25/01/2026
Fui ao cinema duas vezes esta semana, com a sensação de ter vivido duas ou mais vidas.
Assisti Valor Sentimental e Hamnet.
Cada um com sua beleza estética, à sua maneira, com roteiros distintos e atuações de tirar o fôlego.
E, entre tantas camadas, algo em comum me atravessou:
há dores que chegam como puro real
brutais, hostis, estranhas.
Não são elementos a serem “superados”,
mas urgem por elaboração lenta, com seus restos e fissuras.
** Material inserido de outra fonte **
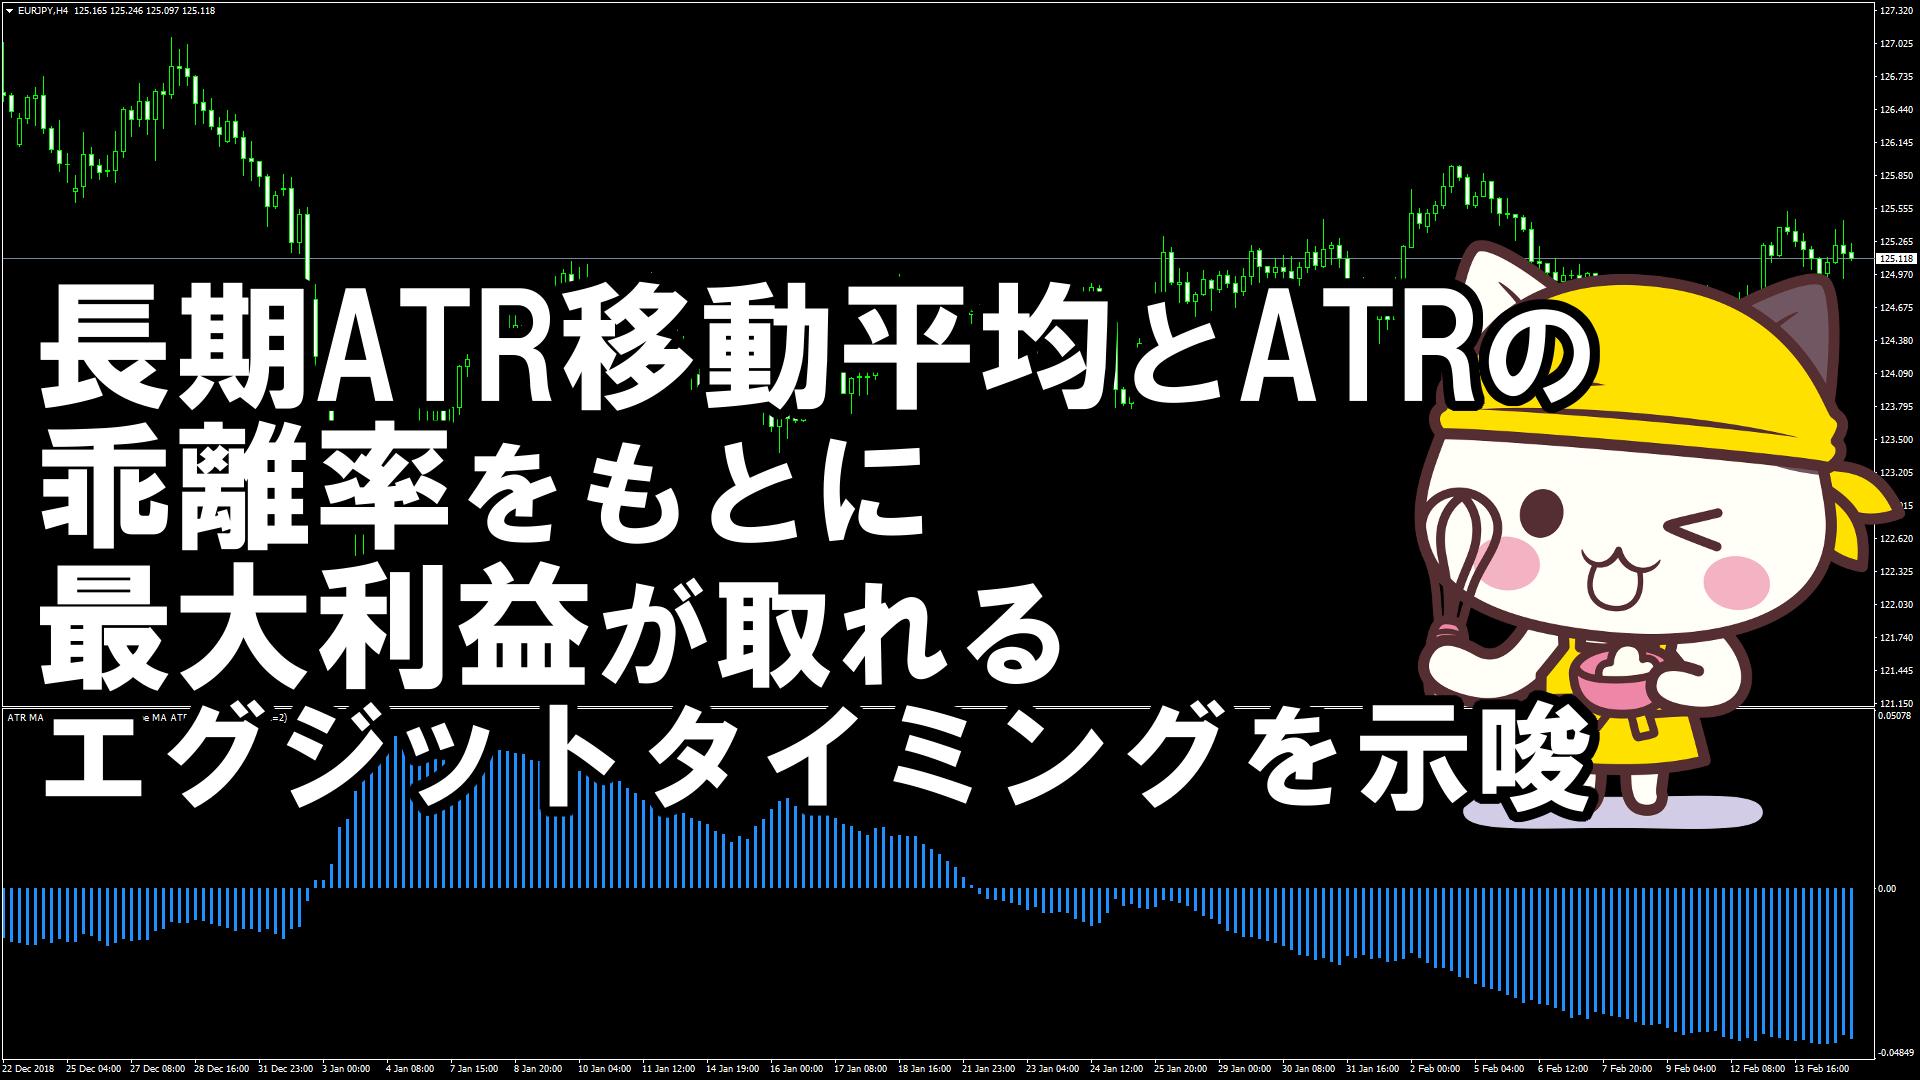 長期ATR移動平均とATRの乖離率をもとに最大利益が取れるエグジットタイミングを示唆するMT4インジケーター『ATR_MA_Oscillator』

Talvez a arte exista justamente aí.
Não para curar, nem negar ou compreender intelectualmente como defesa
mas para atribuir forma, ritmo, linguagem
ao que, em si, é insuportável.
Como escreve o psicanalista Nasio:
“atribuir um valor simbólico a uma dor que é em si puro real é o único gesto terapêutico que a torna suportável”.
Hamnet e Valor Sentimental não oferecem co***lo fácil.
Não por acaso, um filme se encerra no palco de um teatro e o outro no setting de uma filmagem.
A arte é esse espaço onde a dor pode circular sem precisar ser explicada,
mas pode ser transformada em experiência emocional compartilhada
(tão bioniano isso!).
Por isso a arte é tão necessária.
E é também nisso que aposta a psicanálise:
não nos salvar da dor,
mas nos permitir habitá-la juntos.
Sobre o pulso compartilhado no escuro do cinema:
ouvi choros, soluços e o meu próprio coração batendo.
Mas o que mais me impactou foram os momentos
em que a sala ficou completamente muda.
Shakespeare tem razão:
“O resto é silêncio.”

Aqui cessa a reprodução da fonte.